▶ **Assigned task**: Leave every image out, and return the rest of the data word for word.

▶ **Raw data**:
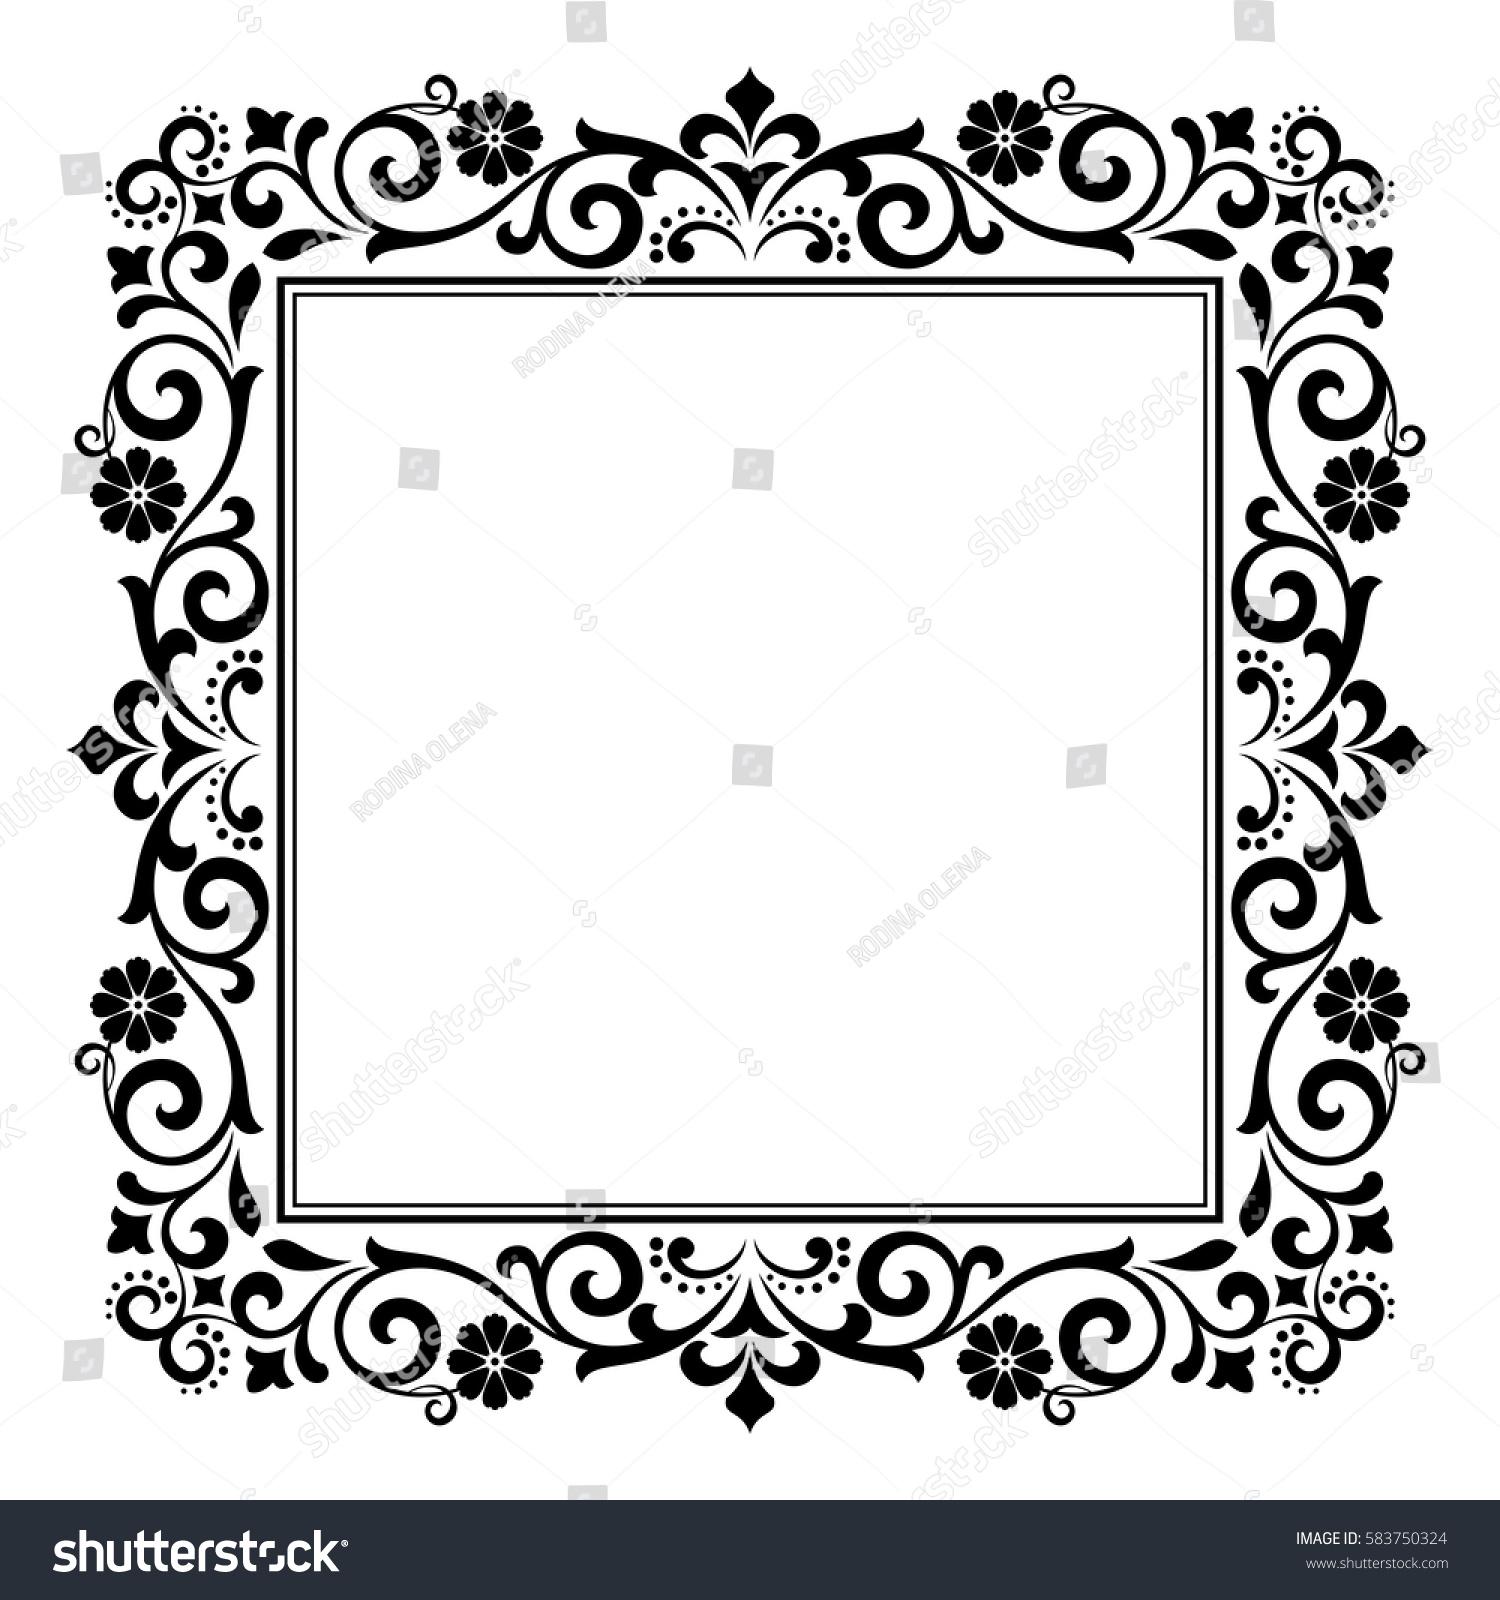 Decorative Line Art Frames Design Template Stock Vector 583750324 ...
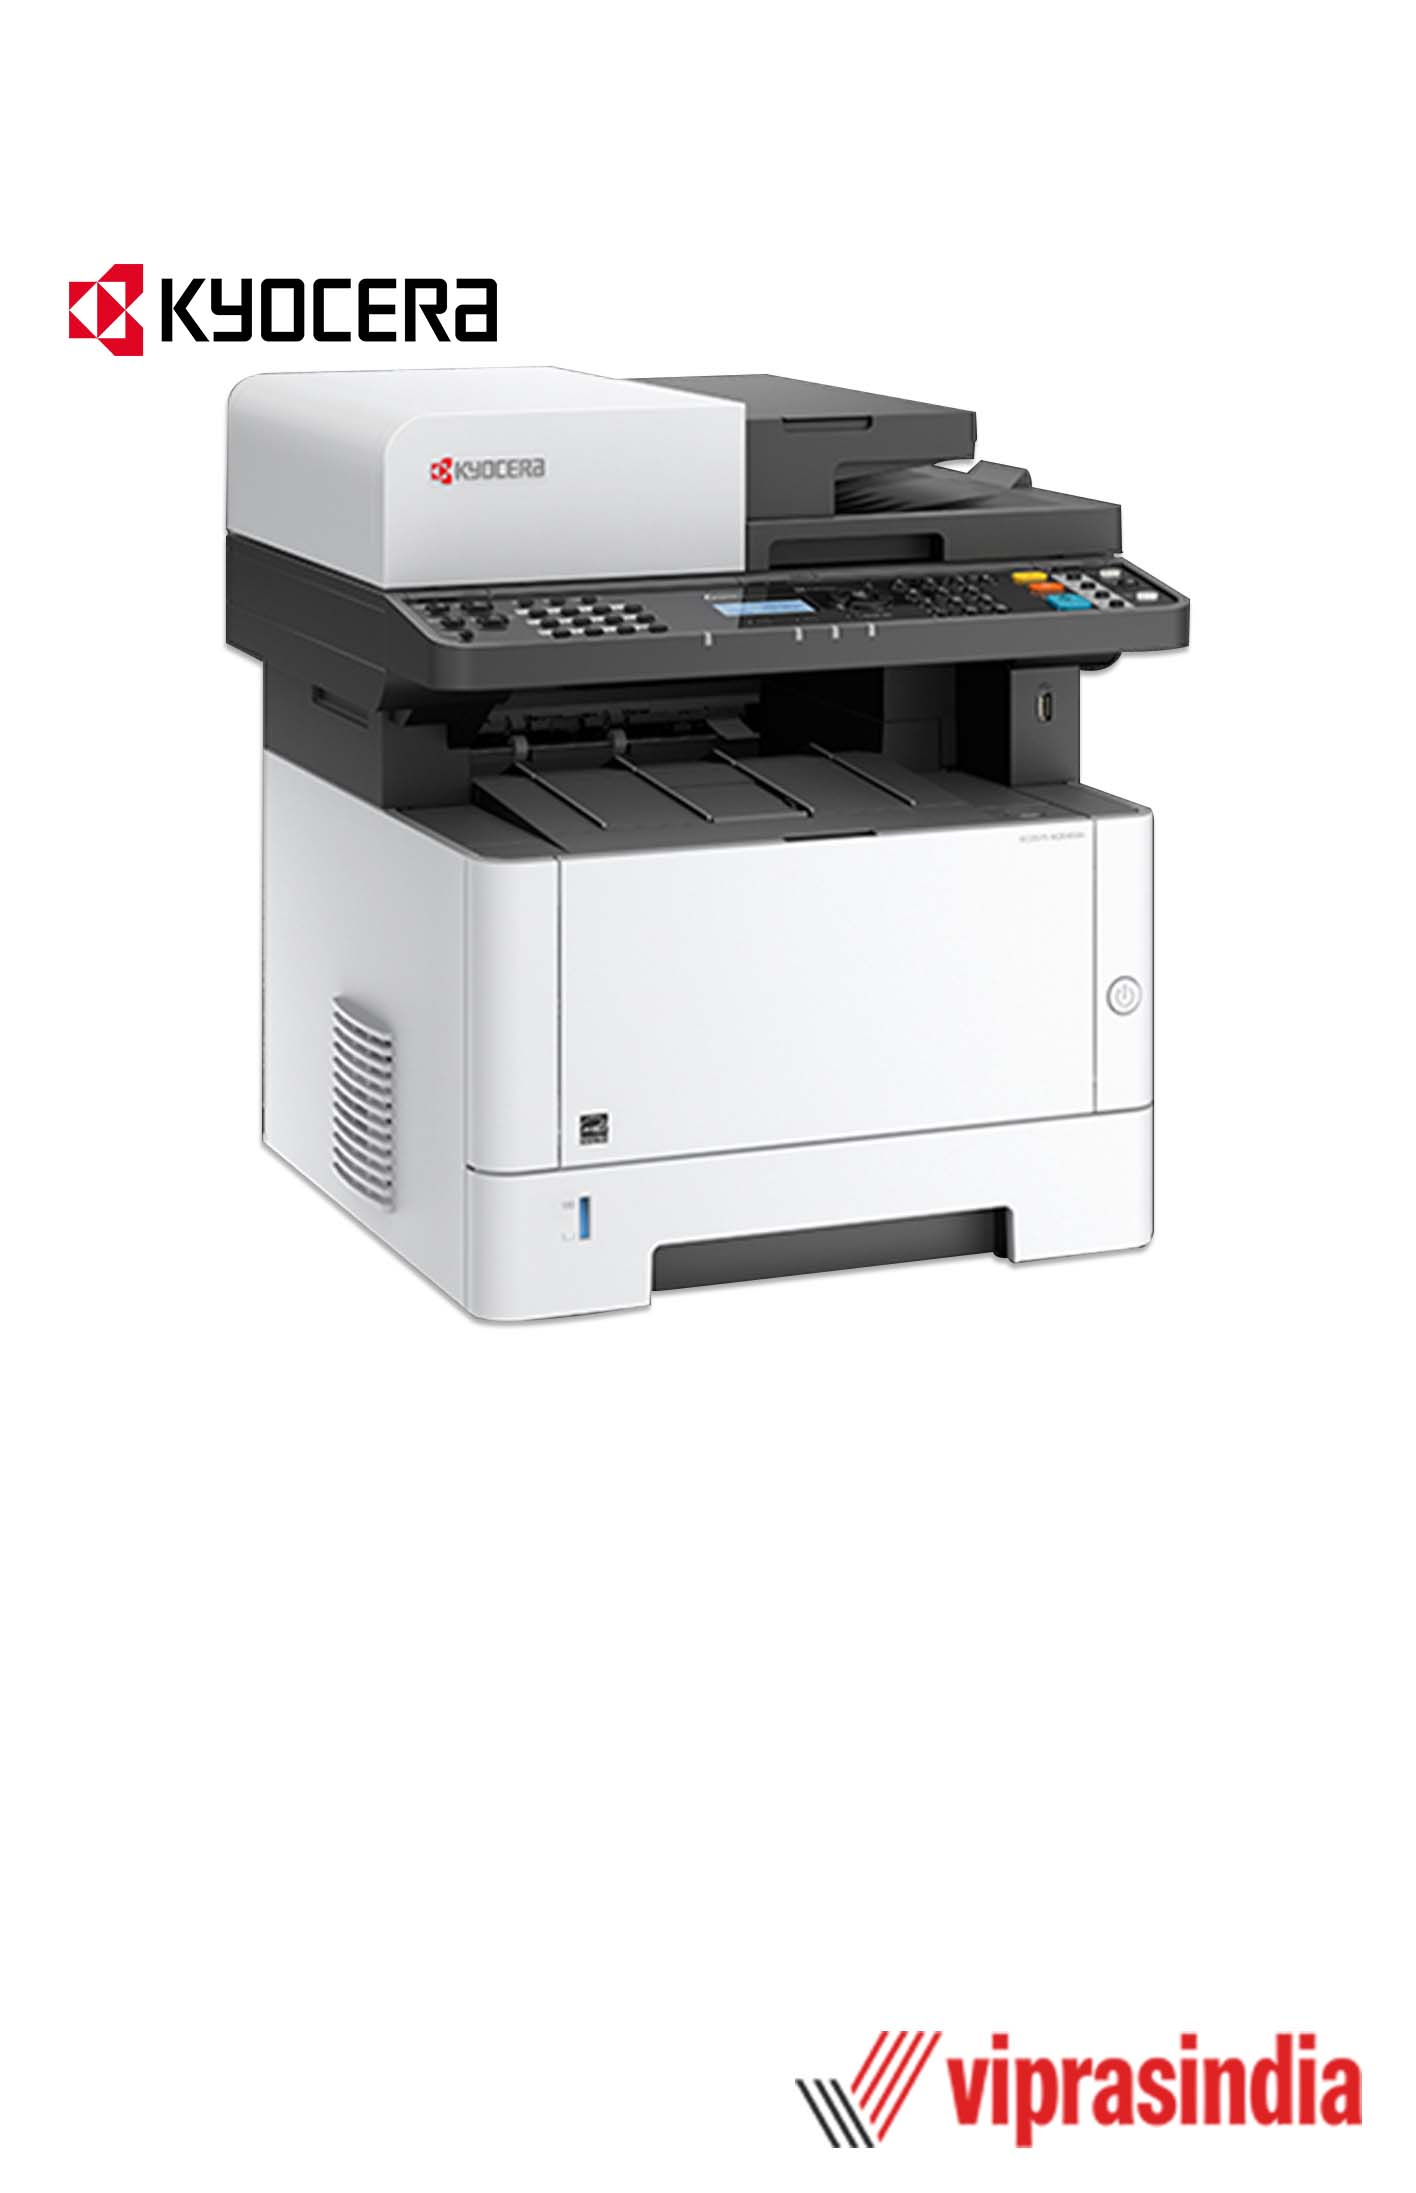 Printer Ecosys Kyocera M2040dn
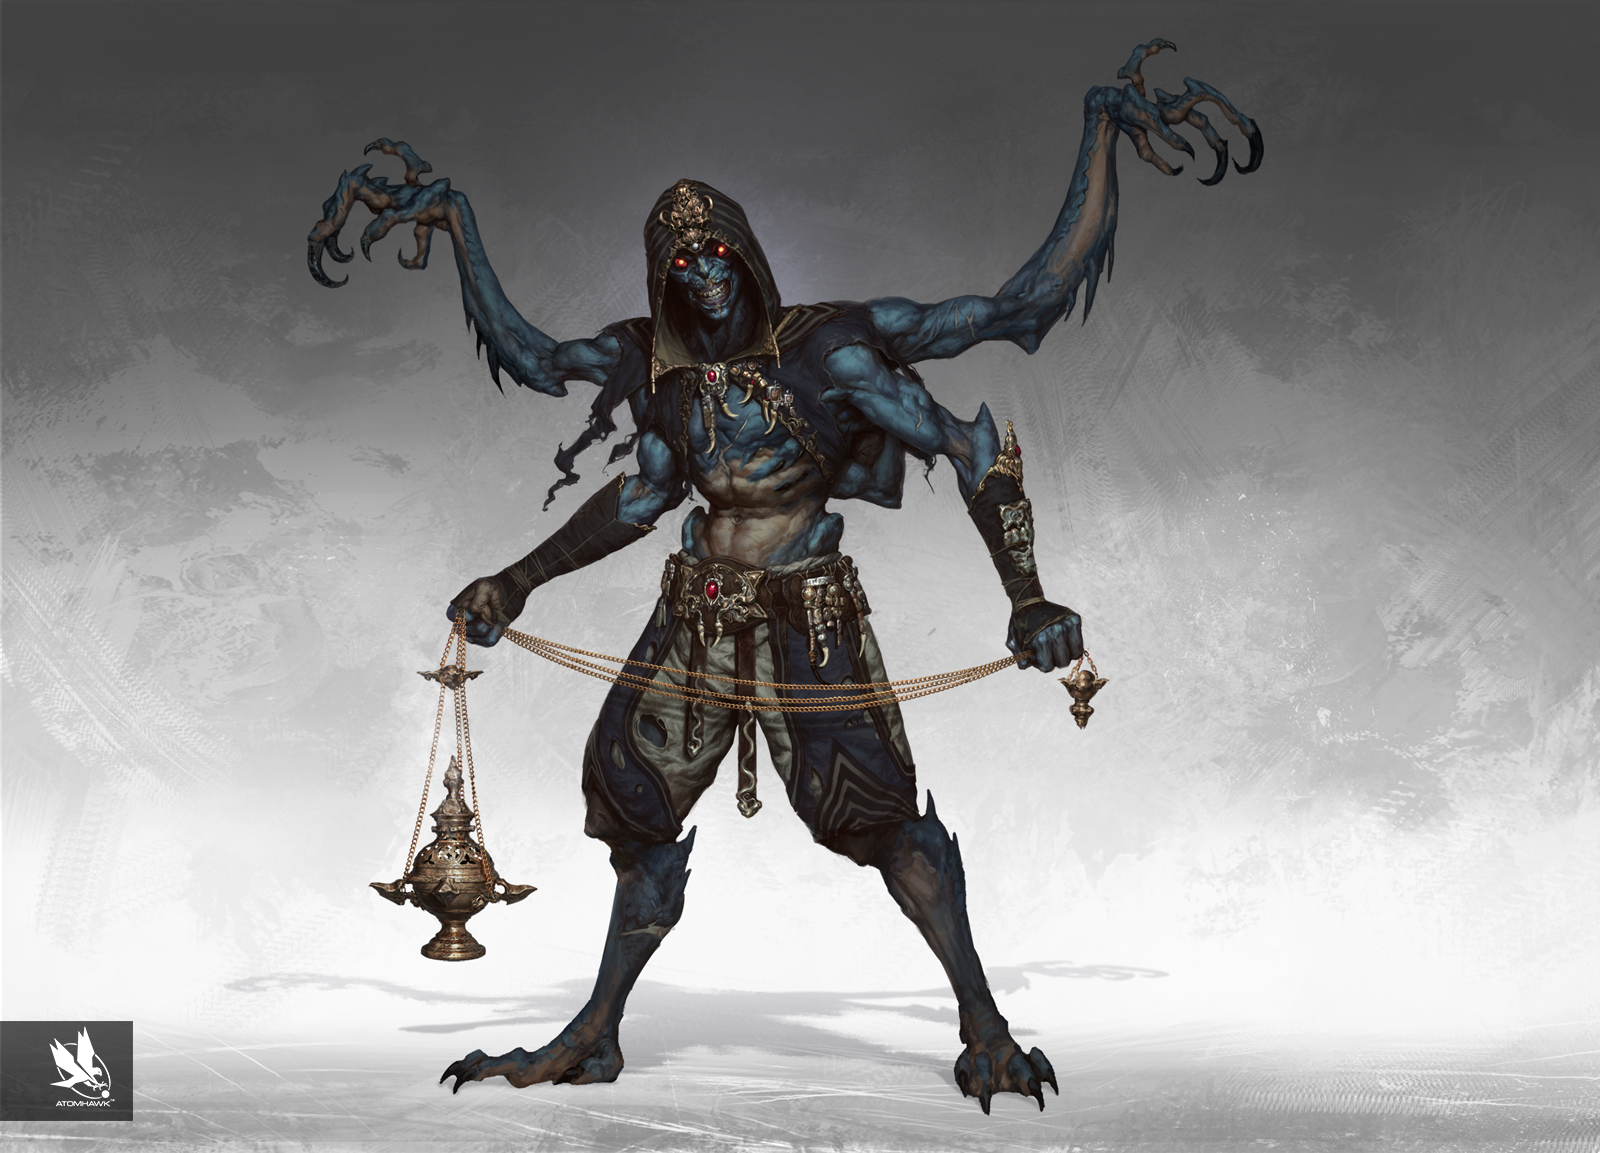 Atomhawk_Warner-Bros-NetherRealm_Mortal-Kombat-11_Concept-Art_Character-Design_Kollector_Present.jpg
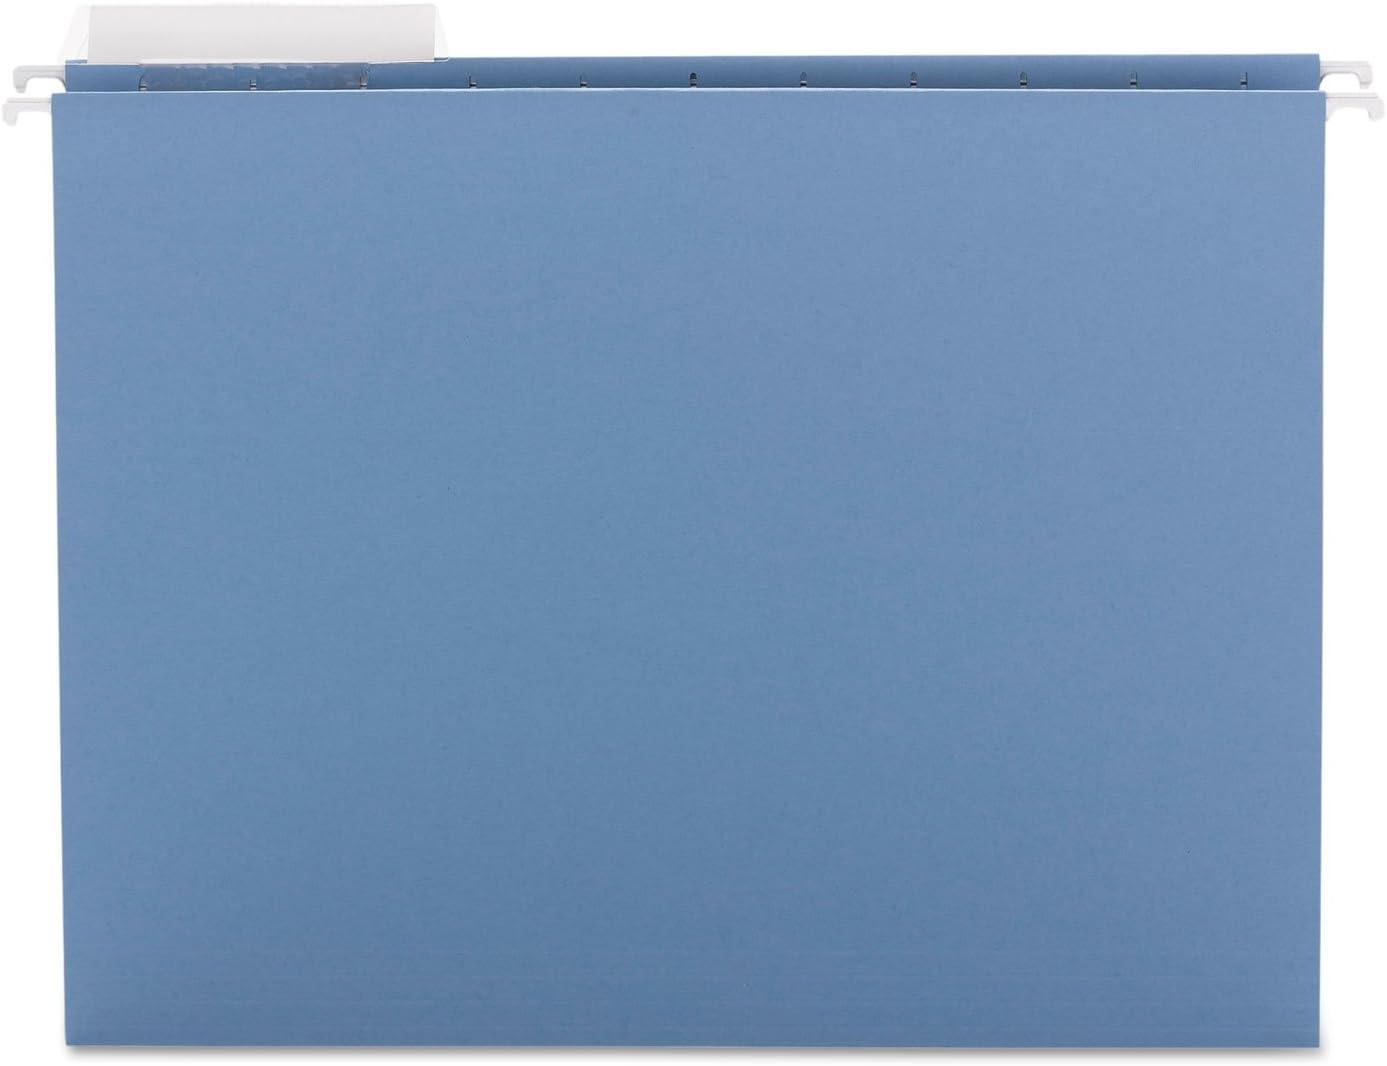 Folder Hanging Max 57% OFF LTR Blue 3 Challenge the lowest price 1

▶ **Solved exercise**:
 Decorative Line Art Frames Design Template Stock Vector 583750324 ...
 Printer Ecosys Kyocera M2040dn
 Atomhawk_Warner-Bros-NetherRealm_Mortal-Kombat-11_Concept-Art_Character-Design_Kollector_Present.jpg
 Folder Hanging Max 57% OFF LTR Blue 3 Challenge the lowest price 1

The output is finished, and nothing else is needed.